Several configurations have been both benchmarked and validated to do this. Two main approaches have been tested:

The first method tested transforms the input to the float data type, adds the gaussian noise and transforms the output back into uint8.
- Note that we don't necessarily have to move the input image's representation range from [0, 255] to [0, 1] and back, as those conversions are performed per-pixel and can be slow on big images. Instead, as the noise is going to be multiplied by the sigma parameter anyways, we can use the sigma * 255 as a coefficient instead (and then add mean * 255), thus saving two floating-point array-wide operations.
The second method involves less floating-point operations, opting to convert both the noise and the input image to an intermediate data type (int16) to then perform the addition and finally transform the result back into uint8.
- Again, we multiply the noise by sigma * 255 and add mean * 255 before transforming the output to int16.
- Using a signed, bigger integer dtype is essential here, as we need to both cover the legitimate [-255, 255] range that the noise tensor would theoretically generate, and also have a margin to be able to clamp pixels that might lie outside said range. in16 offers a range of [-32_768, 32_767], which is more than enough for our use case.
- We have also tested some other configurations for this setup, like converting the noise to int16 before adding the mean (thus performing addition of ints instead of floats), rounding the result (to have more accurate results at a performance cost) and performing implicit conversions of data types instead of an explicit ones.

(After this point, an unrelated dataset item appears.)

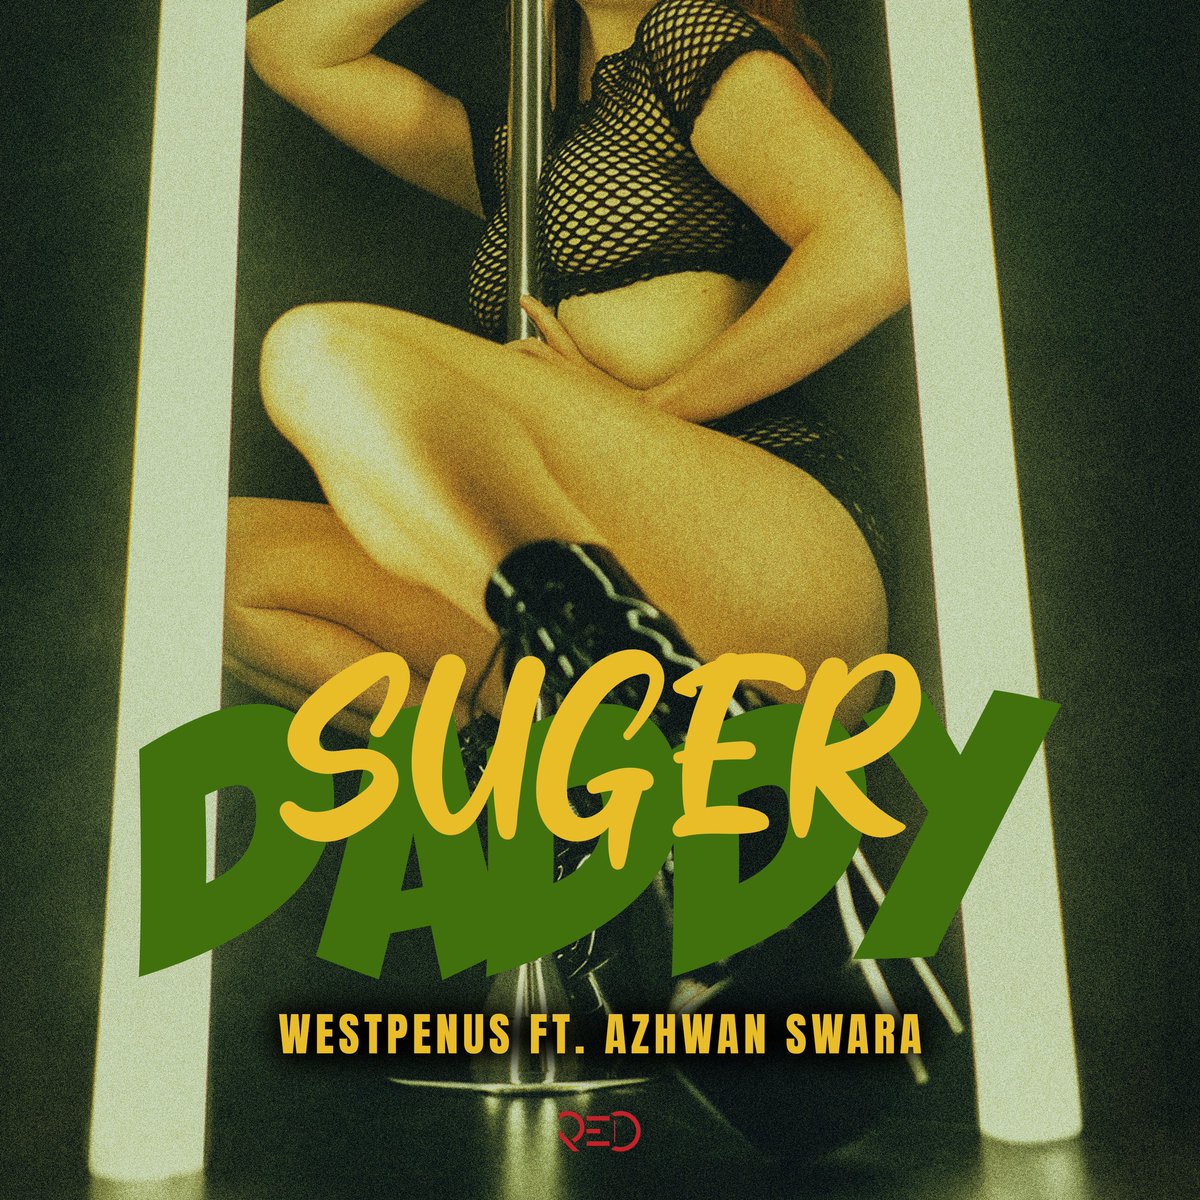 Westpenus ft. Azhwan Swara “Sugar Daddy” di demek nêz de | Yakında!

I've created a separate repo to host both the benchmark and the validation code (and results!) for these implementations. Here's the TL;DR:

The 'intermediate int' approach is significantly faster on the consumer CPUs tested (ryzen 2600 & ryzen 5600), being at least 1.3x faster than converting the input image to a floating-point format and back.
- Note: the speedup here is done with the largest input image my computer was able to process (8500x8500). Differences with tiny inputs (100x100) are negligible (1.05x), but results with 1000x1000 images can exceed a 2x speedup (!?!?)
- Also, we've tested different dtypes for every method (e.g. {float16, float32, float64} for the floats and {int16, int32, int64} for the ints). We're taking the best result out of every combination of dtypes.
Results on the GPUs tested (gtx1070ti & rtx3060ti) are a bit more nuanced. On the 1070ti, this same method is 1.17x faster, while on the 3060ti it's 0.95x as fast (so just a bit slower).
- That's @ 8500x8500. On 1000x1000 once again results are better (1.3x on 1070ti, 1.06x on 3060ti).
Generating the noise with 32-bit floats is fastest on CPUs. On GPUs, using 16-bit floats is generally a bit more performant. int16 is almost always the best intermediate int dtype.
Implicit conversion for some reason is faster on GPUs, while there's next to no difference on CPUs. Outputs are identical on both settings.
In the 'intermediate int' approach, rounding the noise before converting to int16 is slightly slower on all hardware (0.93x speed), and outputs are indistinguishable in spite of this better numerical precision. Leaving this off only leaves a very slight bias that lowers the effective standard deviation by about 0.3 * (1/255).
Finally, also in the 'intermediate int' approach, converting the noise to int16 before adding a rounded mean parameter doesn't get us a significant speedup (even some slowdown was measured depending on hardware).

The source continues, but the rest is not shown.